“I know, it’s scary, right? The way time passes.”
He scraped a hand across his jaw. “Jonty’s finding everything strange. Being somewhere so new without his own things around him, it’s tough.”
“So he’s never been to New Zealand at Christmas?”
“He’s only been to Auckland once, when he was two. But that wasn’t with me. He’s never even been to the beach.”
“You own surf stores and he’s never been to the beach?”
“We live in Colorado, that’s—” He shifted his eyes away. “We have to live in Colorado.”
The sun’s rays through the trees freckled on his skin as he crossed his arms.
“Is that where his mother lives?”
An indefinable cloud cast across Cy’s features, and she could’ve kicked herself for her question.
You hardly know him anymore.
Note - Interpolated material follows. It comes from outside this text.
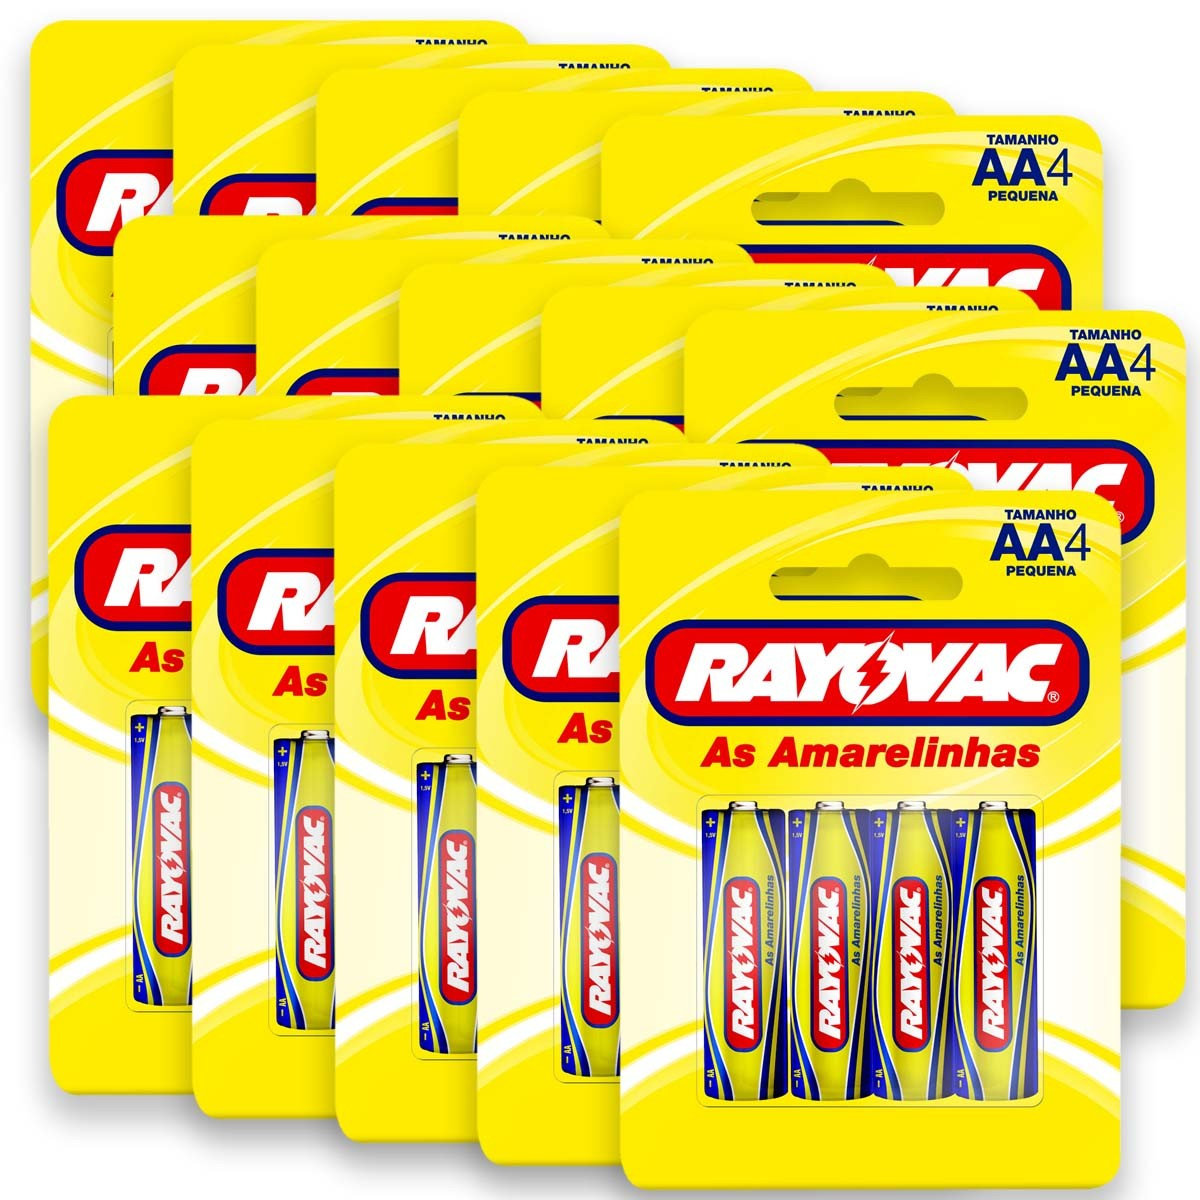 60 Pilhas AA Zinco Carvão RAYOVAC 15 cartelas

She swallowed. If you ever did. “I’m sorry.” She waved her hand in apology. “I have no right asking.”
“You don’t have children, do you?”
She squeezed the handle of the briefcase tighter. “No, I don’t. My career’s taking off and I’m doing these sorts of projects all over the world. That’s my passion. My love.” Movement out the corner of her eye caused her to turn, and from the Hathaway house came Katie Newport and a small boy with tousled, corn-colored hair. The image of his dad.
“Bringing families back to this place is so important.” He looked at his son. “I want Jonty to have the same sorts of holidays I did growing up here. The outdoors, the sense of community, the innocence.” He threw her a smile and her skin tingled. “I might live in the States, but I still like to know what’s going on here. Sorry I missed all the important information at the meeting. Could we meet up to talk about what’s happening?”
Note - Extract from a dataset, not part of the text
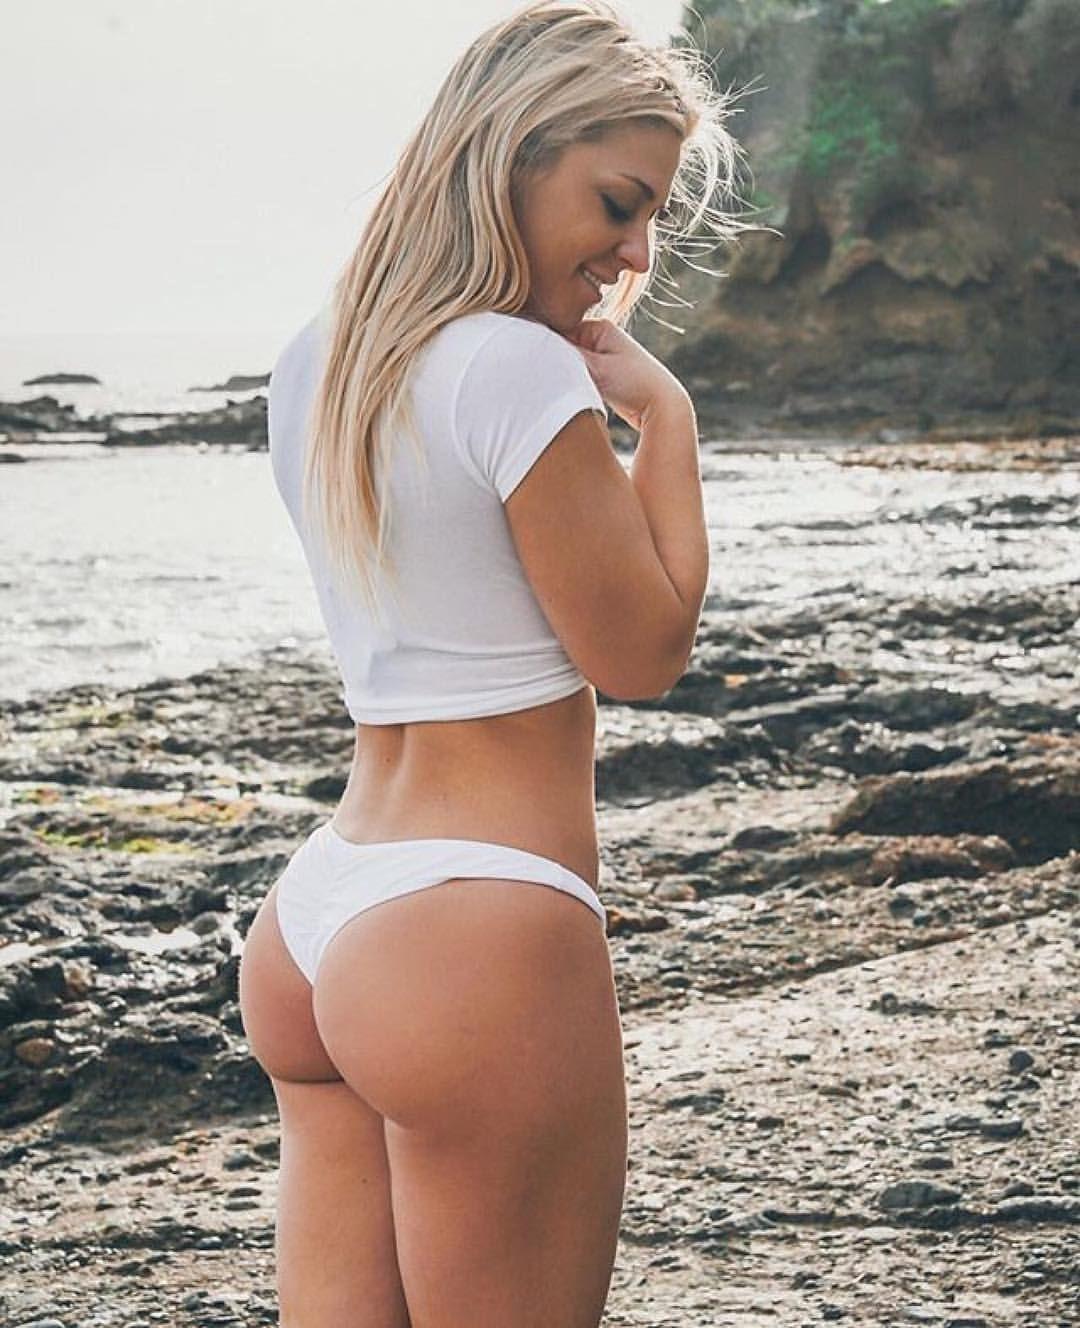 Nice firm ass or fat dimplecellulite ass

She bit her lip as she watched Katie encouraging the little boy to come forward. Each time the girl tried to touch him, he wrenched his body away and stood staring at them, a brightly colored scarf wound like a bandage around his hand.
Cy walked toward him but stopped a few feet away and crouched, his voice holding a tenderness that caused her vision to mist. “Hey, bud. I bet you had fun with Katie.”
The boy didn’t reply but kept staring past his father to Ellie as Cy spoke quietly. “Why don’t we go up to the house and have a snack, eh?”
Still the boy stood rigid and silent.
“I have to get to New Year’s pageant practice, Mr. Hathaway,” Katie said.
“Sure, Katie. Thanks for looking after Jonty.” He paused and tension wrapped around his words. “Was everything all right?”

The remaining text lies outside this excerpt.